One issue that is often problematic with in vivo imaging is respiratory artifacts. In this study, animal respiration was not found to cause significant artifacts in US kidney scans. In Figure 1 (panel B1), horizontal lines are evident on the skin of the mouse where breaths occurred, but are miniscule on the kidneys. This is because, firstly, animals lay supine so the kidney displacement from lung expansion was negligible. Secondly, a high- and low-frequency scan was overlaid for segmentation, so the respiratory lines became less sharp. Based on these results, it does not appear that active respiration gating is necessary for accurate TKV measurement, which allows for a less complicated workflow and higher animal throughput.
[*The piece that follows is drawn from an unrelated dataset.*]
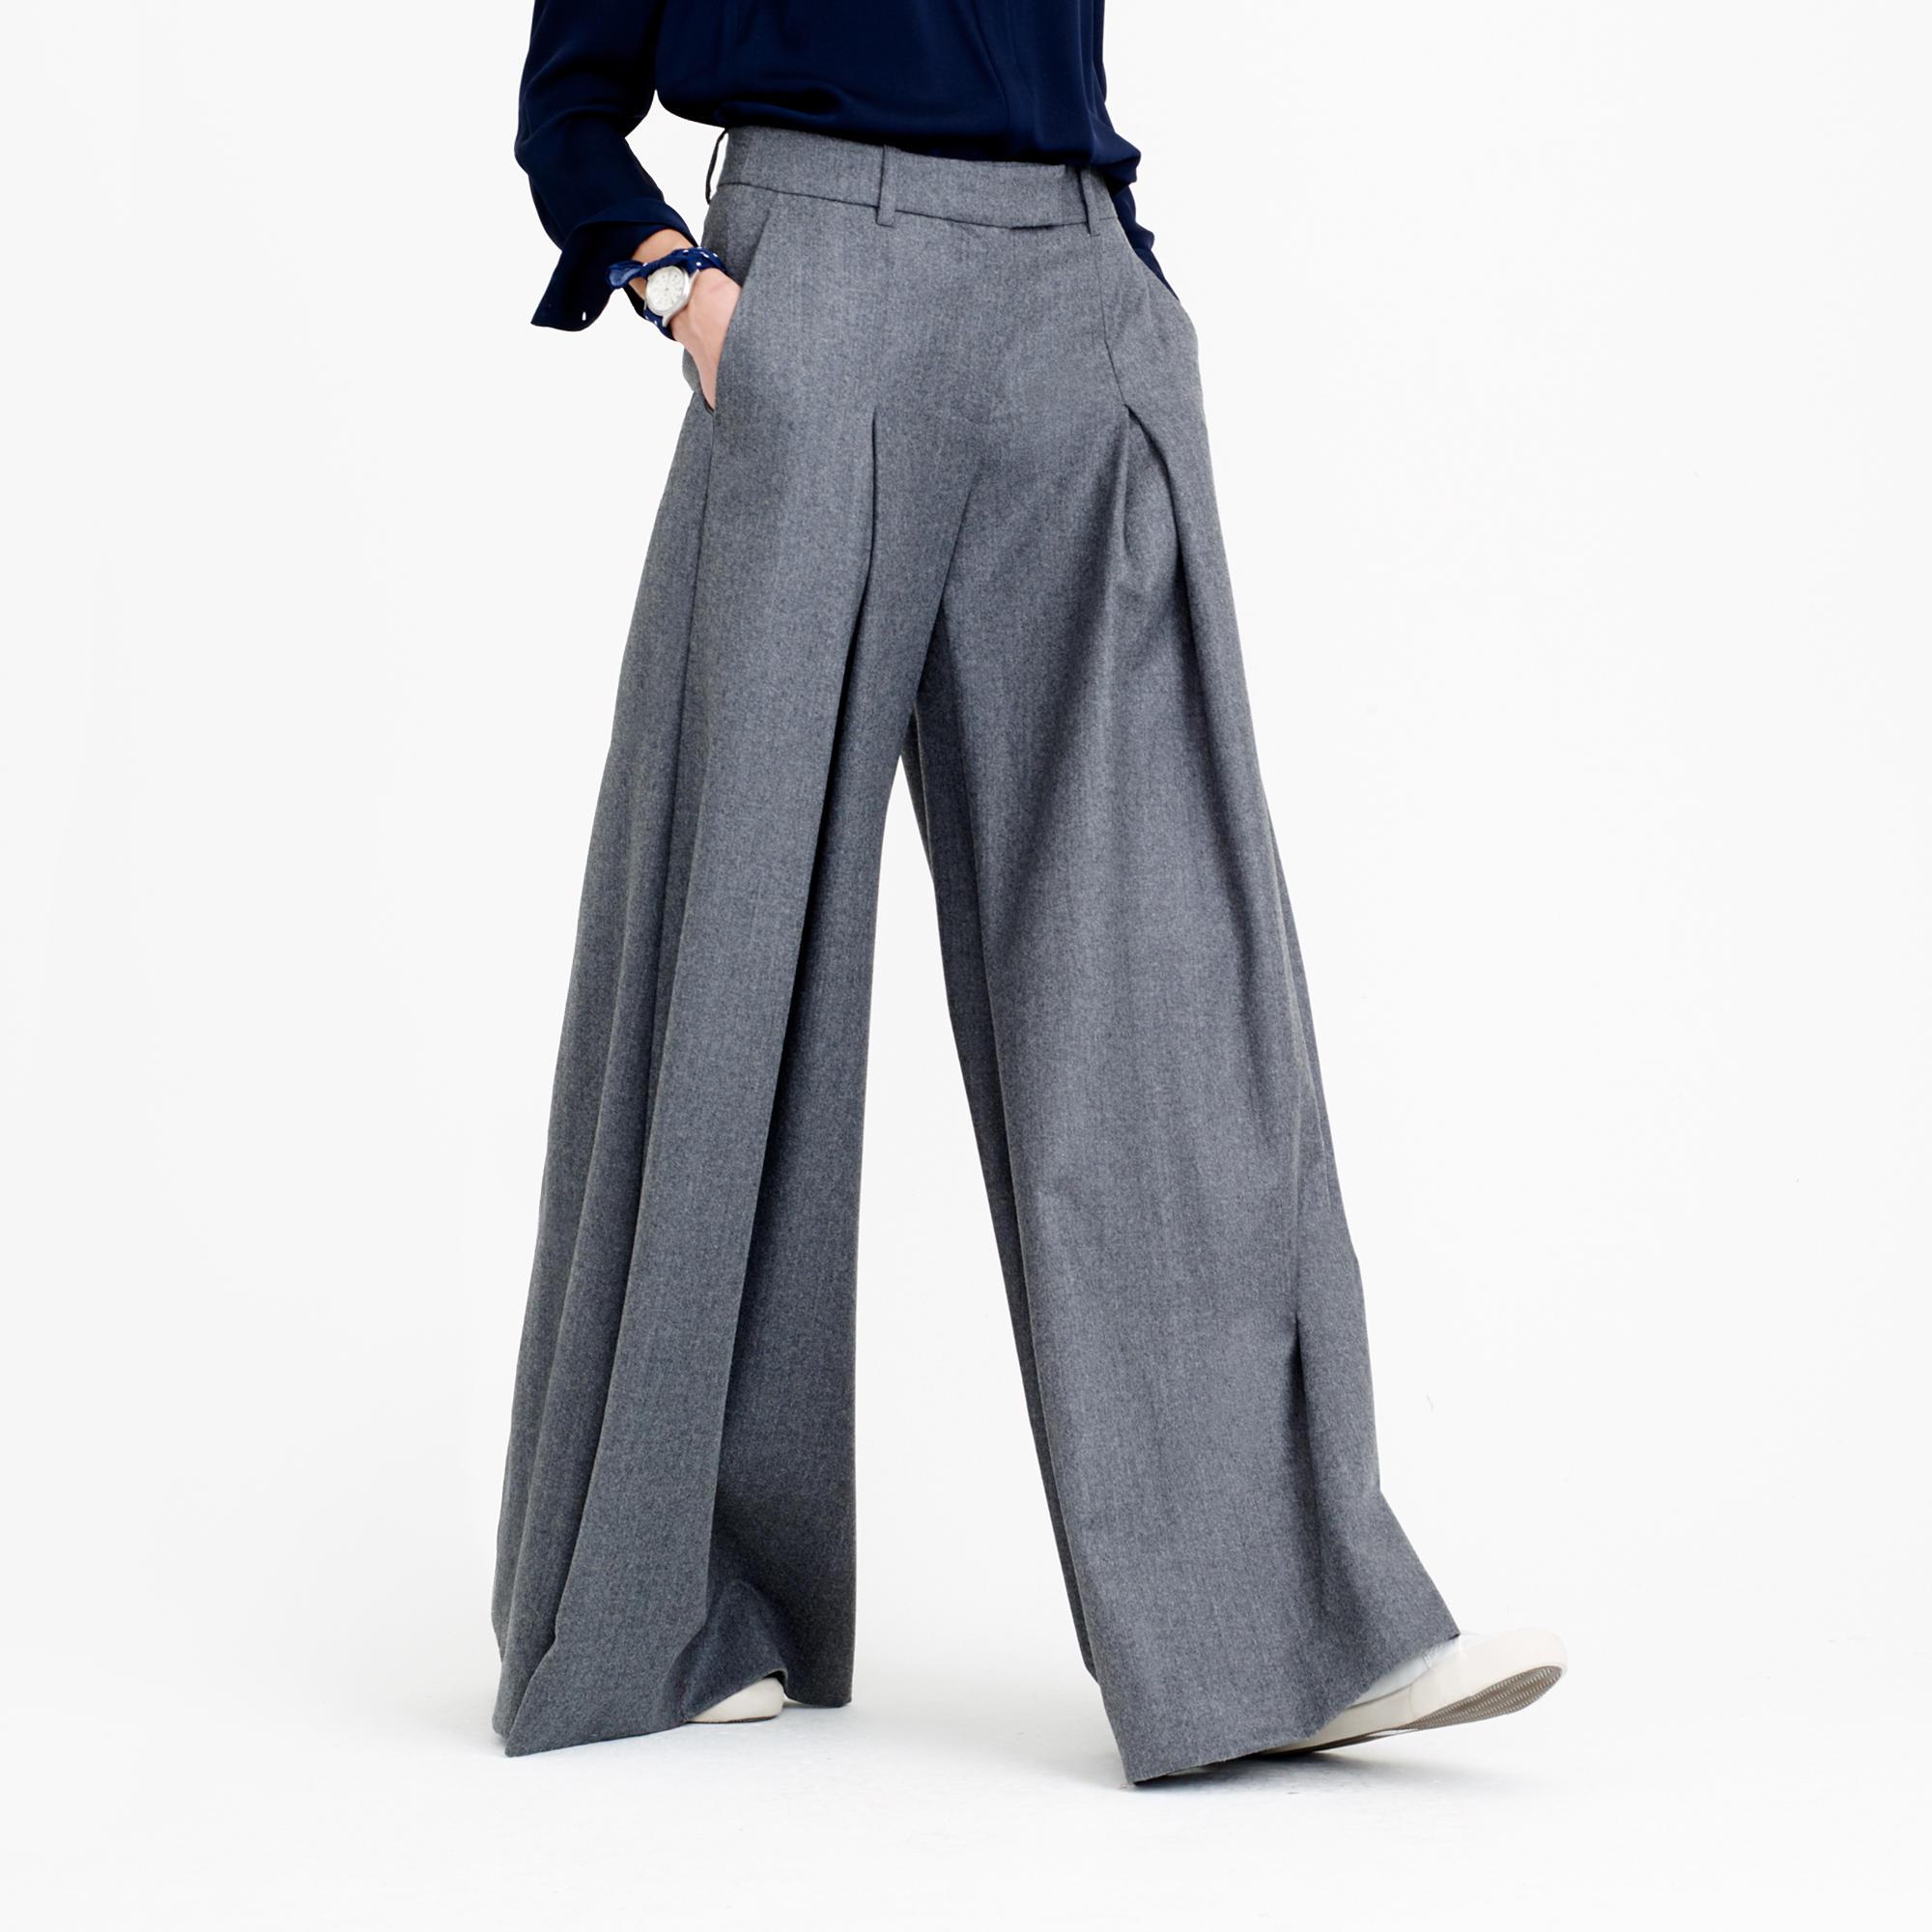 Collection ultra-wide-leg pant in Italian wool : Women novelty | J ...

There were several limitations to this study. First, the MRI and US imaging was not performed at the same facility, requiring mice to be shipped and acclimated, which incurred a time delay between imaging modalities. Although this delay was relatively short (20 days), it is conceivable that the kidney size may have changed, due to natural biologic progression, and reduced the agreement between MRI and US. Second, the MRI and US datasets were evaluated by different readers using different segmentation software packages, with no explicit training between the two. It is expected that, with improved training (e.g., developing a segmentation rubric), the correlation between MRI and US could increase beyond that reported in this study. Third, ex vivo kidney volume measurements were observed to have a time dependence with time of euthanasia (Supplemental Figure 5). In this study, all mice in cohort 2 were euthanized via isoflurane overdose followed by cervical dislocation, with kidney extraction times varying depending on the speed of the technician performing the necropsies. The first kidneys extracted had ex vivo volumes that measured smaller than in vivo volumes, whereas the last kidneys extracted (approximately 30 minutes posteuthanasia) had ex vivo volumes larger than the in vivo volume. This indicates that post-mortem changes may have had an effect on the correlation between in vivo and ex vivo measurements and highlights the importance of necropsy standardization. Fourth, this study only evaluated a small number of mice (N=30 kidneys between the two cohorts), so larger studies with a broader range of kidney sizes and disease pathologies (e.g., kidney fibrosis models) should be conducted in the future. Finally, serum and urinary biomarkers with PKD progression prediction similar to TKV, such as β2 microglobulin and monocyte chemoattractant protein-1 (31), were not measured in this study but would provide more detailed disease stratification in future studies.